A HISTORY OF VIOLENCE, the motion picture

I watched David Cronenberg's A HISTORY OF VIOLENCE the other day. I had read the comic book by John Wagner and Vince Locke that it was "based" on a while back, posted some thoughts about it here. Short form was that I thought the book had a decent enough story with some interesting twists, but was more worth reading as a showcase for some spectacular artwork from Locke than anything else. I wasn't that eager to see the movie, since I knew it changed a lot, and I'm not a huge Cronenberg fan (couldn't get through CRASH or NAKED LUNCH, didn't much like EXISTENZ. THE FLY was pretty good, though, and I remember being a little freaked by SCANNERS as a teenager), but some people I tend to listen to did say some good things about it, and I was able to watch a copy for free. 

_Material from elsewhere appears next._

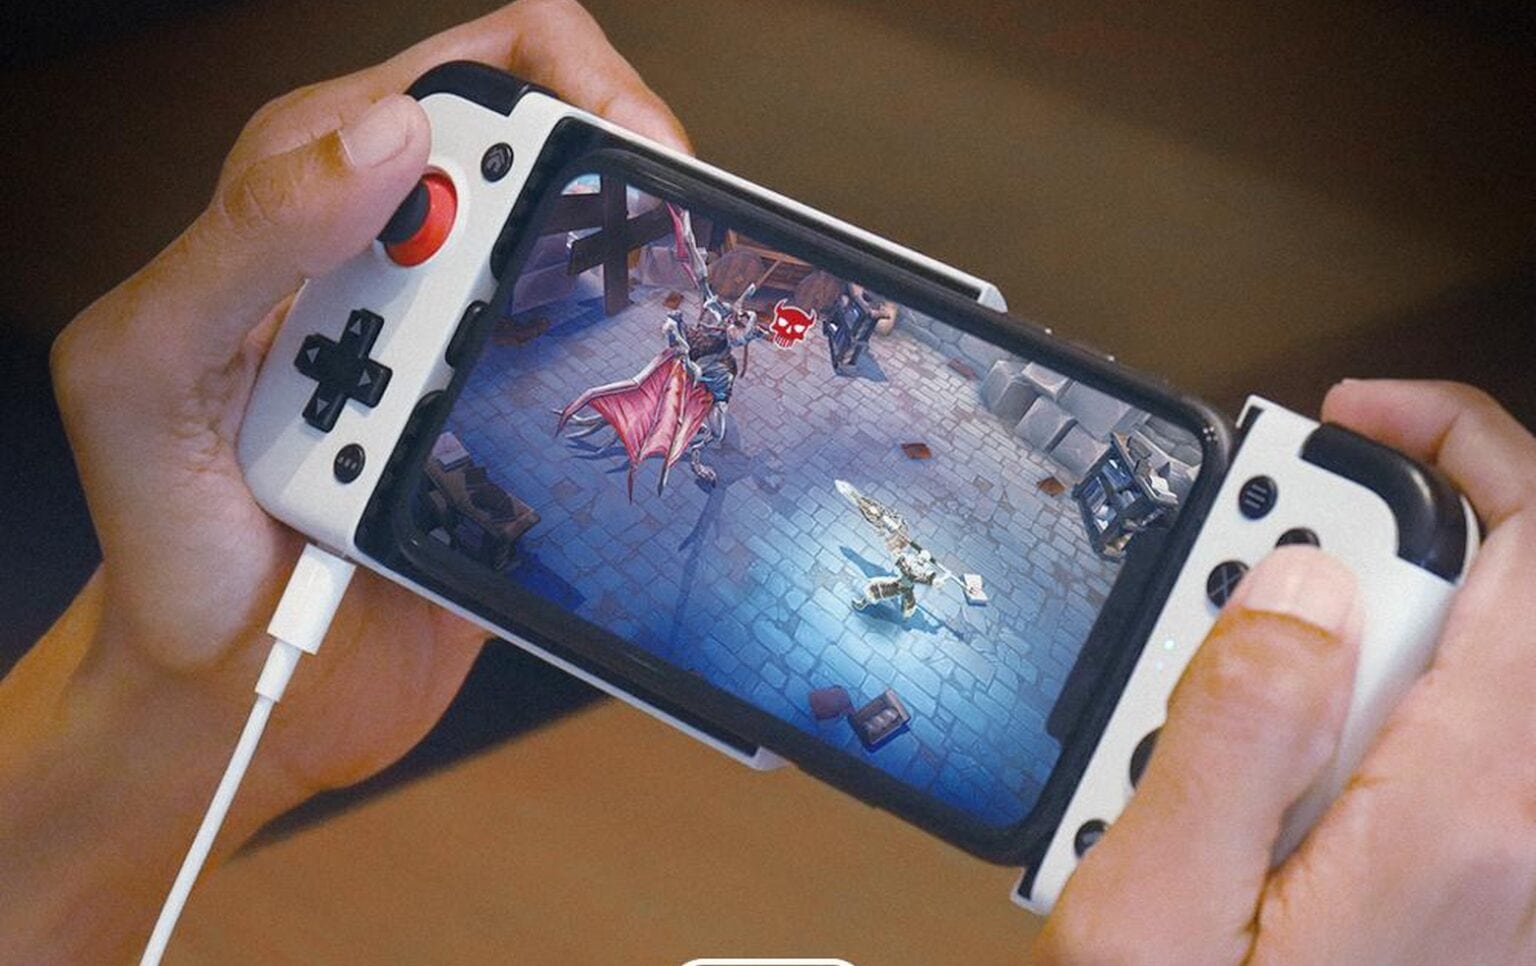 Make your iPhone more fun with GameSir X2 side-by-side game controller with Lightning

I really didn't get it. Cronenberg's directing skills I can't question, the movie looks very nice, and the actors are mostly good, but for the most part the film left me cold. There were a few scenes were it came alive, and it took too long to get to the first one, generally the action bits (the diner scene, the high school fight) but other than that it felt like watching a tv-movie with an absurdly over-qualified director and cast. It also all seemed a bit tame for a movie by Cronenberg with the word "violence" right there in the title. Why didn't he pull the trigger and show the kid being shot in the opening scene?

What really gets me is that I think the original story, for all its flaws, would have made a far better movie in almost every respects, and even a better Cronenberg movie if he was willing to go all the way. Instead this just borrows the title, the basic set-piece of the diner scene and set-up about a small-town diner owner with a secret past and parts of the later farmhouse confrontation. The story that was put in place of the original is inferior in almost every respect, and doesn't even hang logically in the end. Why even bother to option and adapt a story if you have so little interest in the original?

Well, such things remain a mystery to me, and I'm not sure why this movie got as much praise as it did. I'll stick with the book in the future.